Swapping the ED for Wal-Mart?

Retail giant aims to become largest U.S. primary care provider

Update: On Wednesday afternoon, Wal-Mart issued a statement that their request for information was "overwritten and incorrect" and to clarify that they are "not building a national, integrated, low-cost primary health care platform."

Wal-Mart's slogan—"Save money. Live better."—was conceived in 2007 as a way to stress customers' savings on home electronics, household supplies, and all kinds of consumer goods.

It may soon apply to the company’s health care strategy, too.

The national retailer is seeking partners in an initiative to reduce U.S. health care costs "by becoming the largest provider of primary health care services in the nation," Kaiser Health News/NPR reports.

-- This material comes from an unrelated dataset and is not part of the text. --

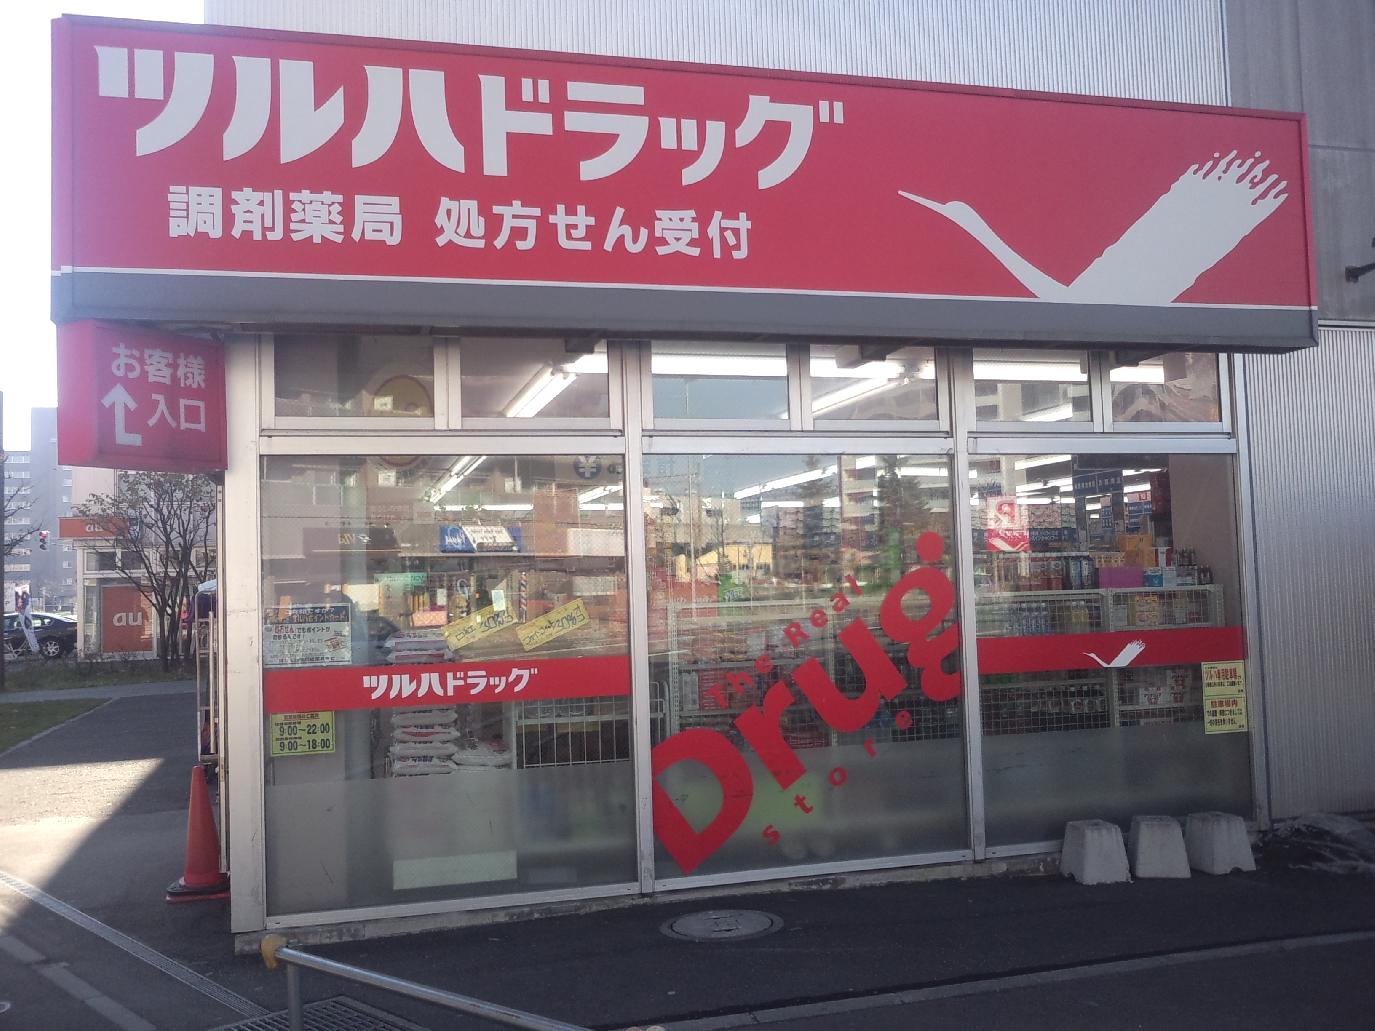 Dorakkusutoa. Pharmacy Tsuruha drag Mulberry shop 856m until (drugstore)

Wal-Mart last month sent 14-page letters to health providers and companies asking them to explain their areas of expertise. Specifically, the company is requesting information on how potential partners would manage patients with complex chronic conditions, such as asthma, HIV, arthritis, depression, and sleep apnea.

Company spokesperson Tara Raddohl confirmed the plan, but notes that Wal-Mart is still determining "strategic next steps." According to KHN/NPR, the retailer will select partners in January.

Experts say the proposal could help Wal-Mart boost store traffic by expanding its in-store medical clinics and capitalizing on the increasing demand for primary care services. In addition, they note that Wal-Mart's clinics could collaborate with ACOs to streamline services and reduce costs.

However, the plan has drawn criticism from some physician groups, KHN/NPR reports. For example, American Academy of Family Physicians President Glen Stream says Wal-Mart's strategy could further fragment care. Meanwhile, Ann O'Malley, a senior health researcher at the Center for Studying Health System Change, says the approach may not effectively reduce costs, noting that primary care is not the main driver of U.S. health spending (Appleby/Varney, "Shots," KHN/NPR, 11/9).